To create the lanyard for the flashlight, I used two four feet long strands of Tiger Camo paracord followed by twelve feet of Black paracord atop the braided strands.  I don't remember the total length of cord used for the flashlight but somewhere around ten feet should be sufficient.
To tie the lanyard, start by middling two strands which will leave you with four equal lengths. Start braiding by following my Diamond Braid Stitch tutorial and braid the entire length of cord to the ends.
Complete the lanyard by tying a Long Two Bight Turk's Head atop the braiding. Use the first part of Bud Brewer's tutorial to tie the Long Two Bight Turk's Head. You will need to modify the tutorial to suit your needs, in the original tutorial, the first image shows three turns, you will need to keep going around the braiding until you have almost completely covered the braiding. Also, when making your initial turns over the braiding, for every turn you will need to skip two segments of braiding in order to make the end result look correct.

I finished off the lanyard by attaching a 1/2" D-Ring and small lobster clamp by using West Country Whipping to cover the splice.

The flashlight is straightforward if you have completed the lanyard, just tie a Long Two Bight Turk's Head and stretch the cord out to extend the opening. Make sure the end result is tightened so that no slippage will occur.

Stay tuned, I intend to place my own spin on the Long Two Bight Turk's Head tutorial and hopefully it will be easier for those who haven't been able to figure it out yet.
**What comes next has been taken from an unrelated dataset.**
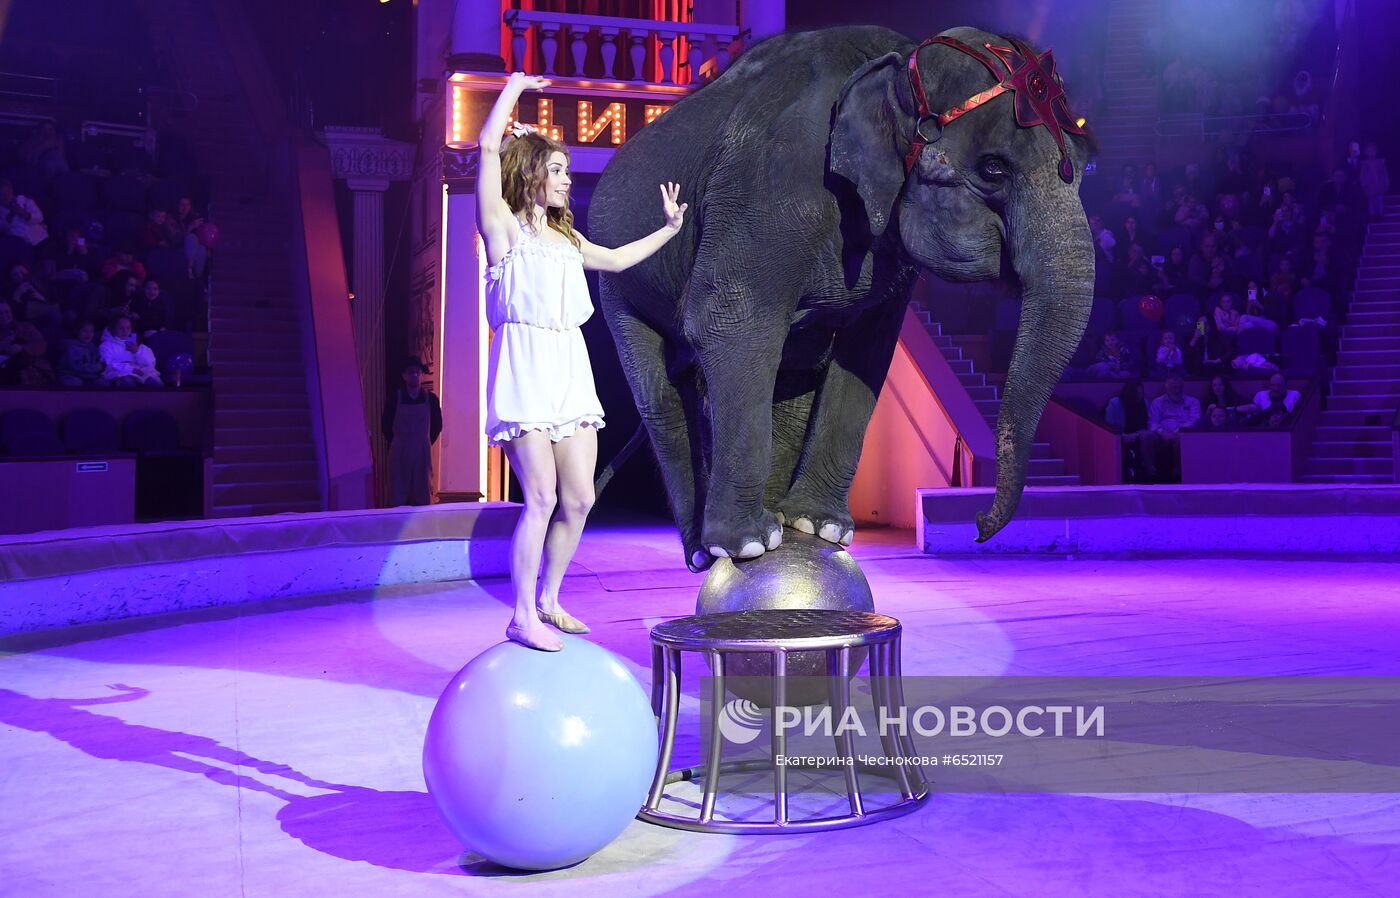 Девочка и слон цирк кисловодск. Девушки и слон цирк. Слоны в цирке.

  1. I'am sorry if you have gotten my previous questions. Not only am I new to tying I'am also new to computers! When you are doing the flash light turk wrap how do you secure the ends? If you have four strands for the braid I do not get how you do the snake wrap? I hope that makes any sense? Thank you for your time

  2. To secure the strands you will need to attach the four strands around a ring or whatever you are using for the end of the lanyard. You can do this many ways, but the easiest is to melt the ends together with a lighter to secure the paracord to the ring. Then cover the melted ends with what is called "whipping", I used West Country Whipping to cover the ends in this project.